How do I drink Justice? or, Odds n’ Ends
I have Jury Duty on Friday.
On the one hand, I’m a little excited, because Jury Duty is part of being a Real Adult and a Productive Citizen; on the other hand, oh, god, I’m going to listen to people debate traffic law for eight hours. It’s times like these I wish I’d spent my geek money on something a bit more portable than the hulking gaming brick currently sitting at my doorstep (yes, I’ve been checking Amazon Shipping all day).
But something struck me as I pondered my inevitable boredom: what kind of drink can I write about after being in Jury Duty all day? What epitomizes our justice system in a single glass of booze? I’m at a loss. Maybe something interminable, like an unpleasantly strong bitter cocktail that takes a million wincing sips to finish; something somehow flawed but still better than a lot of things, like a really good mixer missing one ingredient; something blind, like, uh, wood alcohol? I can’t decide. I hope one of you has a suggestion.
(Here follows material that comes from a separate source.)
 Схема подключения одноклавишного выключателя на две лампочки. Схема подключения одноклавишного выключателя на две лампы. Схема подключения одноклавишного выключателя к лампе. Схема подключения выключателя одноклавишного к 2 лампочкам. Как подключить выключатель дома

Oh, and in other news, eating food might kill us. Yes, again. Fortunately for those of you affected by the recall, we’ve got plenty of chicken burger recipes like this one to tide you over until all the germs go away. Bagged salad and spinach lovers are currently on probation.
Lastly: what should I eat to christen my new car? I’m thinking black bean quesadillas, because my car is black and looks delicious.
-Jim is somewhat random today, isn’t he?